Survival Guide: Visiting Disney World As A Group

Visiting Disney World As A Group

A lot of extended families toy with the idea of going on vacation together. More often than not, Disney is on the short list of destinations that everyone would be willing to attempt this family-dynamic experiment. There is a catch, however. Everyone has their own idea of what a Disney vacation looks like. And when time and money are on the line, everyone wants to have their fair share ideas heard and accommodated.  Here are a few tips and strategies to successfully visiting Disney World as a group.

Appoint a team leader

Usually, I would say “many hands make light work” but when it comes to planning and organizing a vacation as epic as Walt Disney World for 10+ people, I need to change my tune. “Too many cooks in the kitchen” is the song of choice this time around.

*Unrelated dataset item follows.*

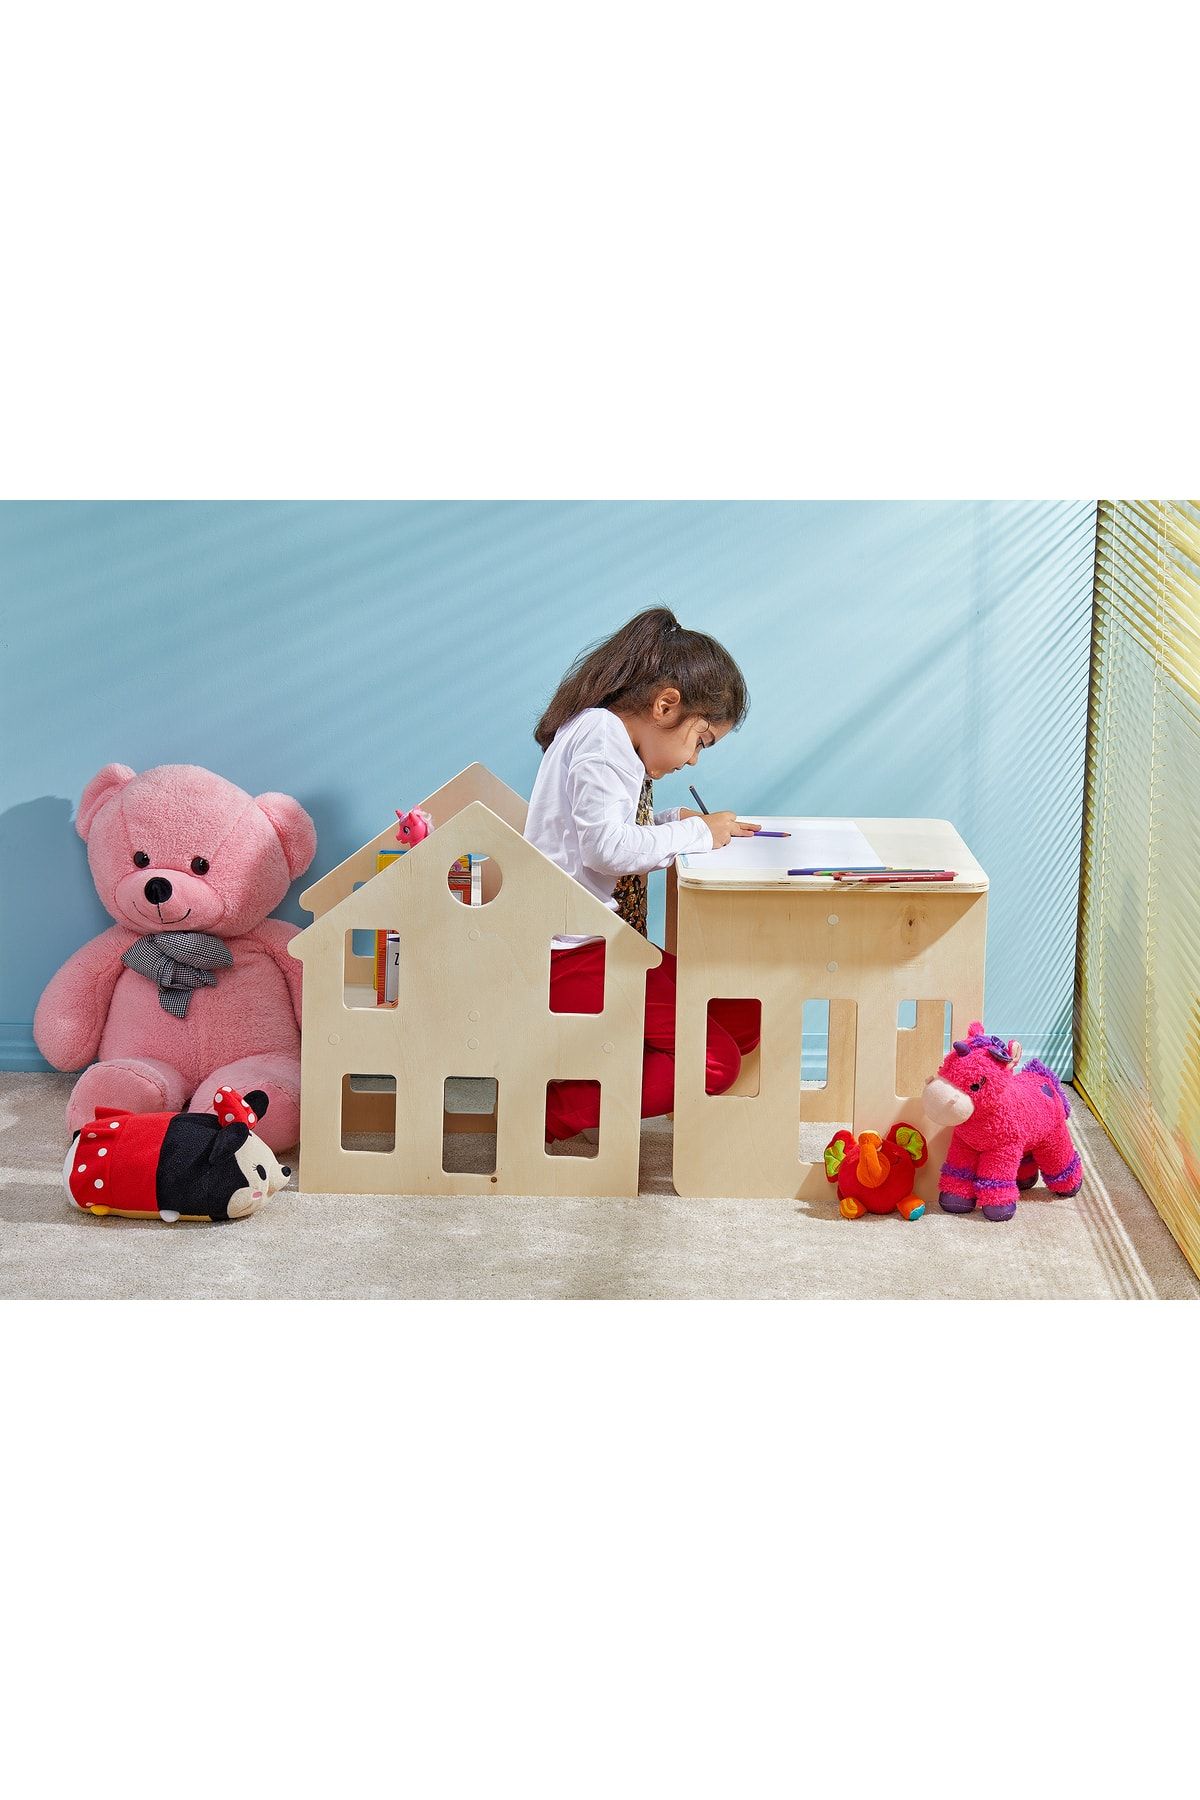 enio design Çocuk Montessori Ahşap Masa, Çocuk Oyun Aktivite ve Etkinlik Masası, Çocuk Ders Çalışma Masası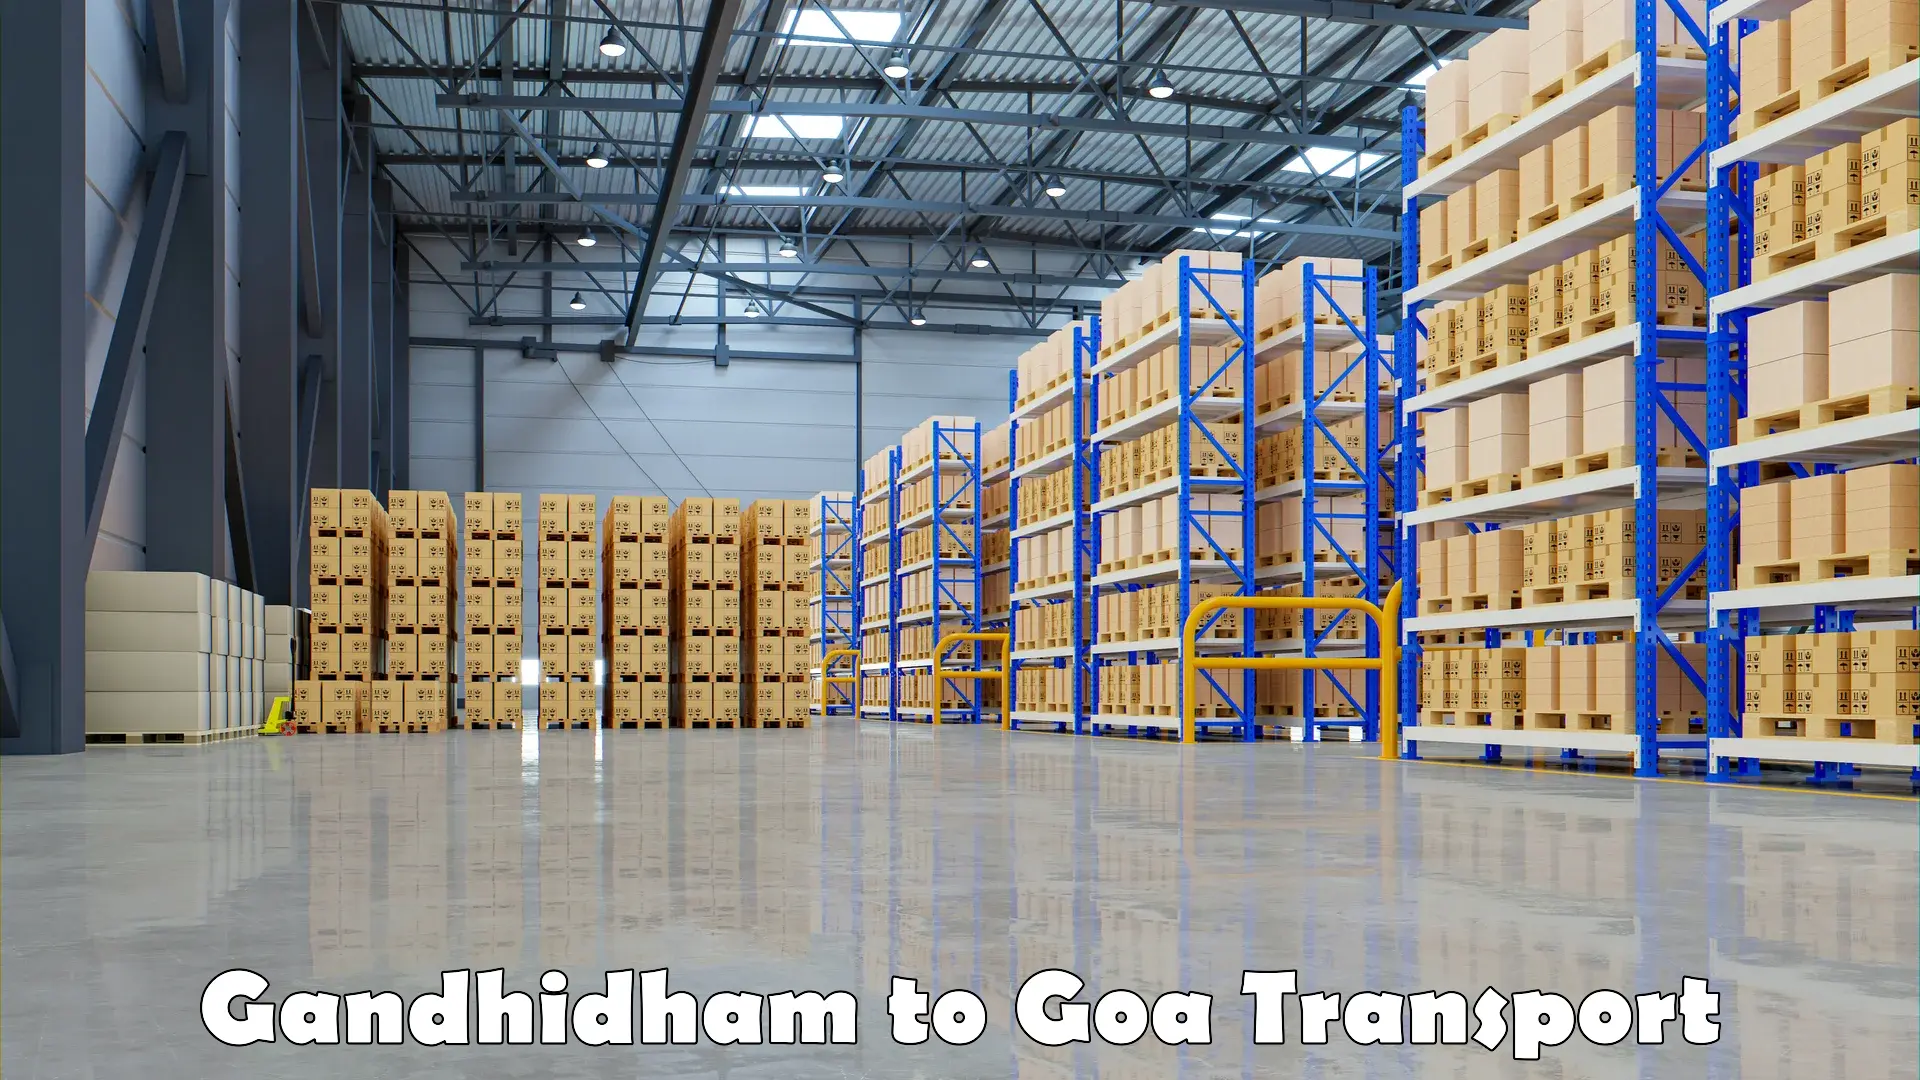 Goods delivery service Gandhidham to Panaji

A team leader can divide and conquer the tasks, sure. Delegation is the key to sanity and success. Know what can be handled by others and allow them to help, leaving the big picture and more important tasks to yourself and co-leader.

Since I’m the team leader for the planning stage of our “big group” vacations, I’m usually the team leader during the trip by default. I keep track of our dining reservations and basic schedule details that were finalized well before our trip, but I’m also the “point person” for issues that arise during the trip. My need for control and Type A organizing personality were made for this.

Communicate beforehand

Nothing will be achieved except bitterness and stress, if all parties can’t be open and communicate their objectives for this holiday.

Objectives? It’s Disney! That’s the objective!

Sure, but that could easily have been achieved separately. Why are we all going together instead of as 3 separate families? Because being at Disney as a whole family is part of the experience.

Here are a few tips and questions to ask each member of the group;

Setting the groundwork

In order to set the groundwork for a touring plan, it is important that everyone who is part of the group be honest with themselves and each other.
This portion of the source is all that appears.